15 June - Kabuki and TKAMB
Despite the running commentary on the useful gizmo and having read up on it, am suprised at the simplicity of what we're asking to watch (sort of a parable, you know the fox and the grapes) and though I understand these things were first performed 900 years ago, I think Chaucer was a bit more advanced and nobody in their right mind would go see Chaucer's anything performed now.
I know the japanese have an incredible patience for ceremony and seem to like it when things take forever to take place but... anyway, the play /tableaux gets more interesting during the second part though am still wishing I was watching Italy do very badly against the whatever team they had that night at 20.30. At the underground station we run into another Japanese colleague who had also attended and reveals she cried at the end (moral was about being grateful to your parents for having given you life so am sure resonates with many ungrateful grown ups). I think 'You cried at that??' Bonkers.

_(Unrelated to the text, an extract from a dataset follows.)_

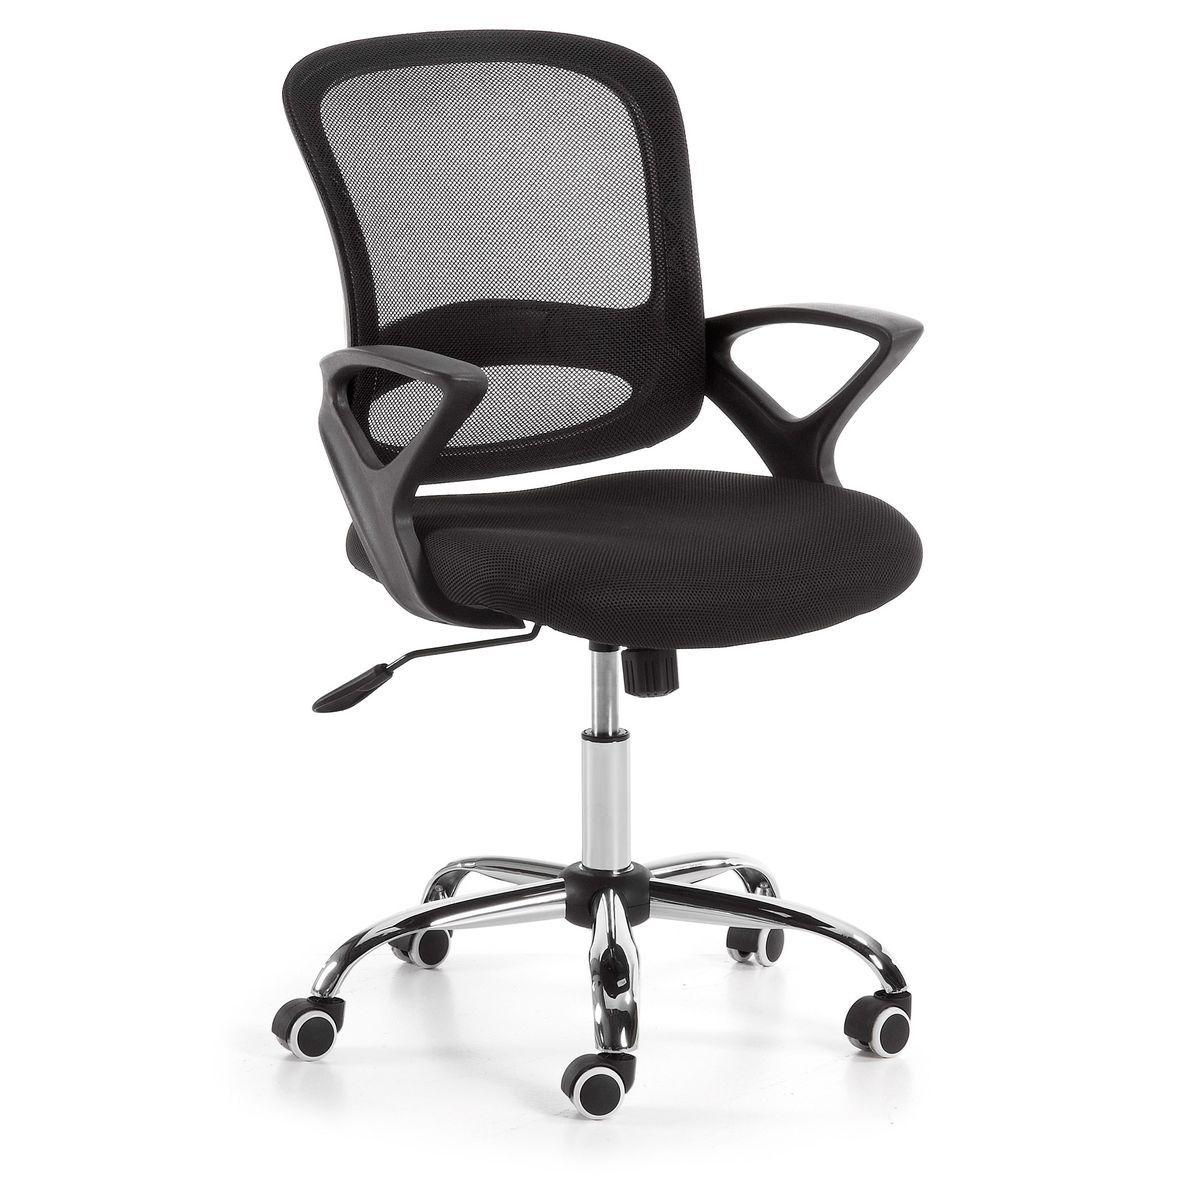 Chaise De Bureau Tangier Chaise Bureau Chaise Coussin Chaise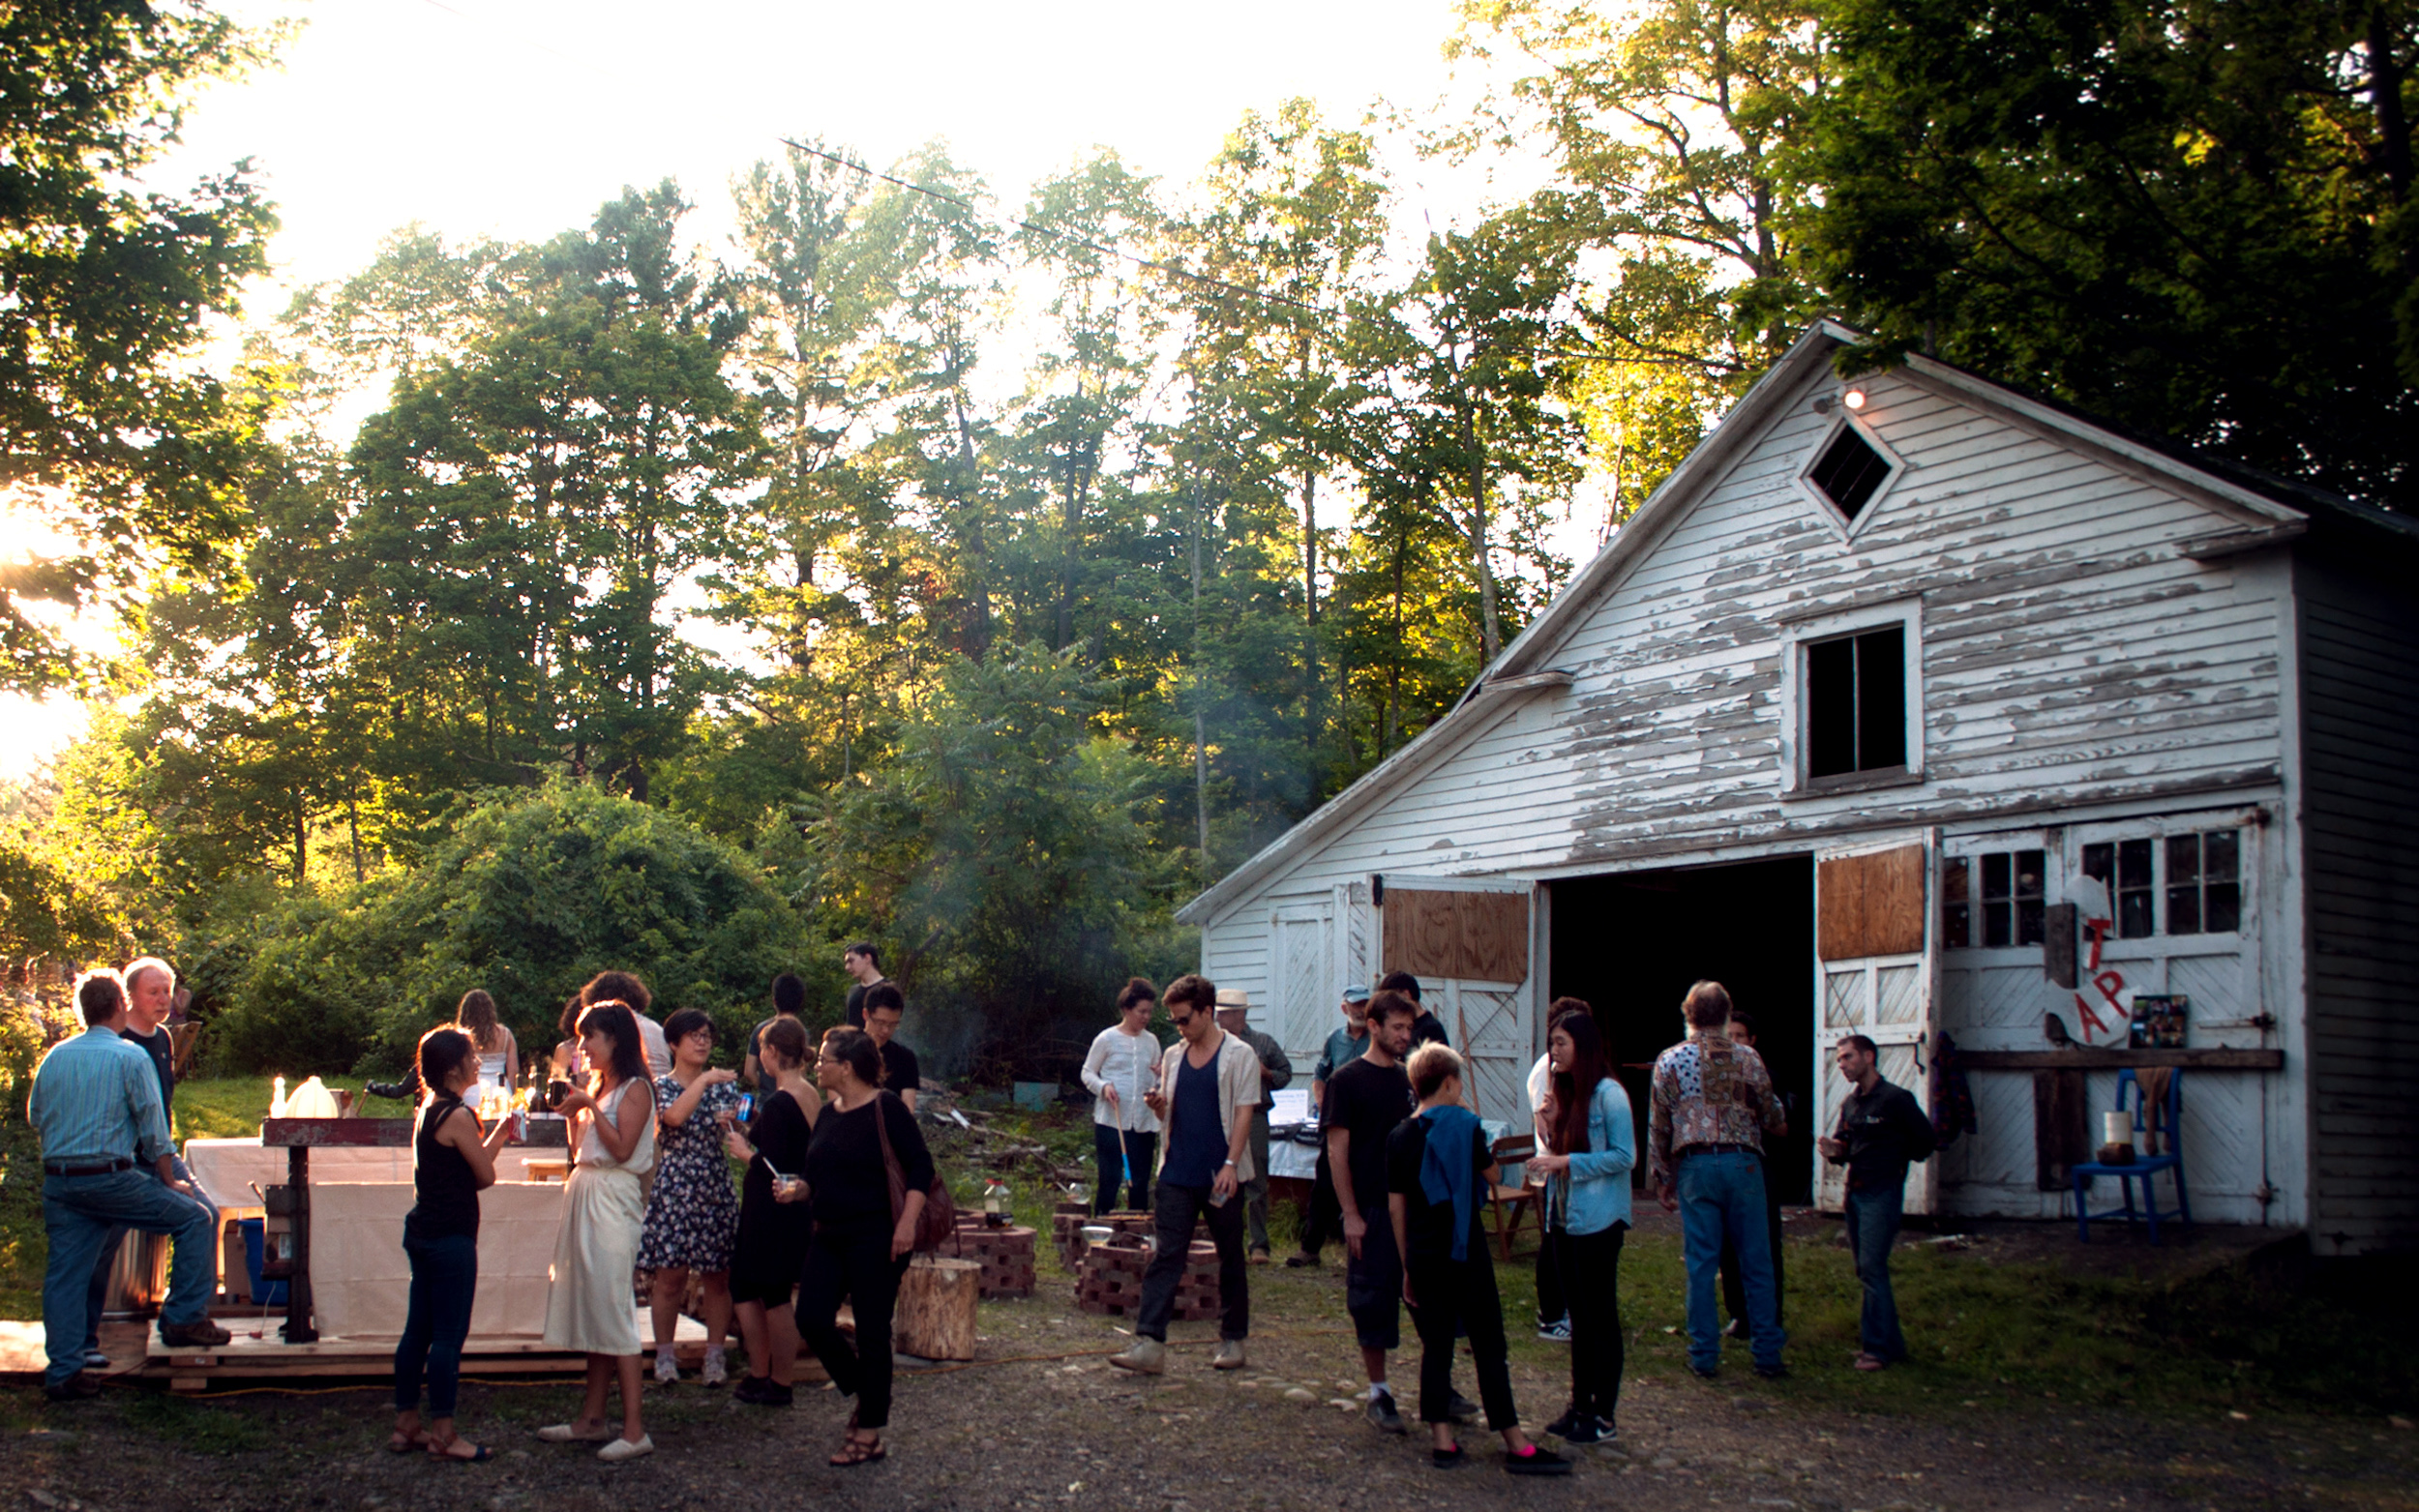 barn_outside_people_dinner.jpg

Cut to me following morning on the tube readint To Kill a Mockingbird, which for some reason I had missed out during those scool years when you read this book and had also missed out ever seeing the movie. Yessum. I got to page 169 of my edition when little Scout single handedly stops the lynching mob by reminding one of the would be attackers that he has a kid at home much as Atticus has Scout who is in fact at school with said kid. Exit lynch mob.
Clearly, written in 1960 , set in 1935 blah blah, skilled writer who knows which strings she's pulling but similar simple message, walk in someone else's shoes for a while, we're all the same underneath conventions etc etc.
Wonder if Japanese colleague could cry at this. Wonder if the fact that cultural exchanges at least in Europe seem to have the West conceptions as dominating, means that 'they' get our culture more than we can possibly get 'theirs'?